In the 18th Century, cheaper cameos were appearring. Wedgwood started producing moulded stoneware cameos and Bilston produced enamel versions. Also ceramic and glass imitation cameos were becoming increasingly popular as they were more affordable.
In 1805 Napoleon founded a school of stone engraving to promote the production of cameos and had his coronation crown decorated with them. Cameos became so popular that they were imported. Shell cameos came from Sicily and lava cameos from Pompeii.
19th Century cameos often portrayed popular figures such as Sarah Bernhardt, Queen Victoria or other female portraits, whilst earlier pieces showed carved scenes of historical interest, important events or mythology.

EARRINGS Ear decorations have been recorded from the earliest times, usually consisting of a thin hoop passing through a pierced lobe or later with screw or clip fittings.
The Romans favoured large dome shaped earrings and also clusters which were worn through to the Byzantine era with the addition of flat crescents and long drops of gems on a gold wire.
During the Renaissance, both sexes wore earrings as shorter haircuts made them fashionable. Interesting shapes such as Blackamoors, mermaids,fish or plain pearls and pear shaped drops were worn either tied on with a ribbon or pierced with a gold wire.
In the 17th Century, geometric shapes found favour, also long shoulder length silk earstrings with a small pendant attachment. Early 19th Century earrings were simple mounted gemstones, but after 1840 the trend for decorative stamped settings took over.
In the 1860's earrings became talking points featuring novelties such as owls on a branch or monkeys or steam engines but by the end of the century, earrings lost their popularity altogether apart from simple studs.
In the Edwardian era, delicate, simple and elegant platinum set earrings were popular whilst bobbed hairstyles in the Art Deco age made longer more prominent earrings the fashion. In the 30s and 40s clip fittings were made to form chunky stone set cocktail earrings. After world war two the clip fitting was still used for cluster and pendant earrings which needed heavier settings. From the 50's onwards, styles and fittings were many and varied, with women wearing different earrings to suit their dress or their mood.

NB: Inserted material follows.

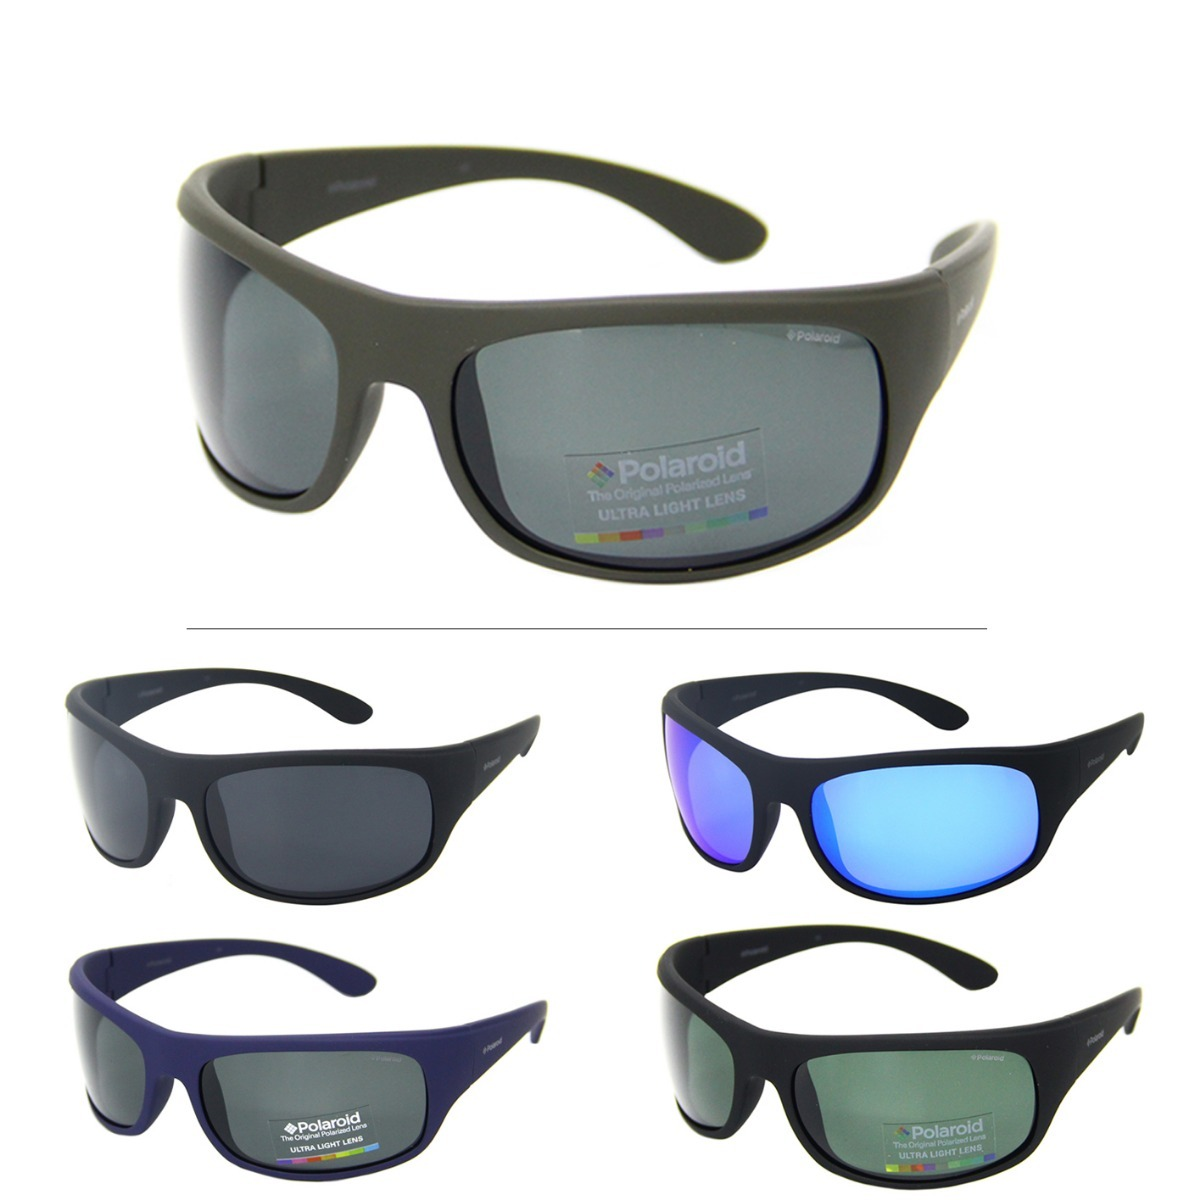 Óculos Solar Masculino Polaroid 7886 Flexível - R  179,45 em Mercado ... 8cd940b389

HEAD DRESSES from ancient times both men and women have worn Diadems often made of gold in the form of a wreath and set with gems and pearls. The bandeau was worn in Italy in Mediaeval times and in western europe from the mid 19th Century to the present day.
It consists of a narrow band that circled the head low on the brow.The Ferronierre was again worn in Italy in the 15th Century and had a central gem worn on the forehead on a band of velvet or silk tied at the back of the head.
In the 19th Century the silk was replaced by a fine gold chain or beads.
Tiara was a term used by the ancient Persians to describe a head dress.
At the end of the 19th Century they were worn by married women in America and Europe and were a part of court society up until the outbreak of world war II.
Tiaras consisted usually of a curved metal band with a central raised piece encrusted with jewels. In Victorian times tiaras would be made to convert into necklaces and brooches.

CUFFLINKS are used to fasten a cuff of a shirt, they come in many styles, some gemset, some enamelled, some of humorous design. Victorian cufflinks were usually gold and quite ornate. The Edwardians favoured more simple designs.

JEWELLERY has been used for trading, decoration and as a symbol of power and wealth. Since civilisation began, rich, powerful, beautiful and ordinary people have adorned themselves.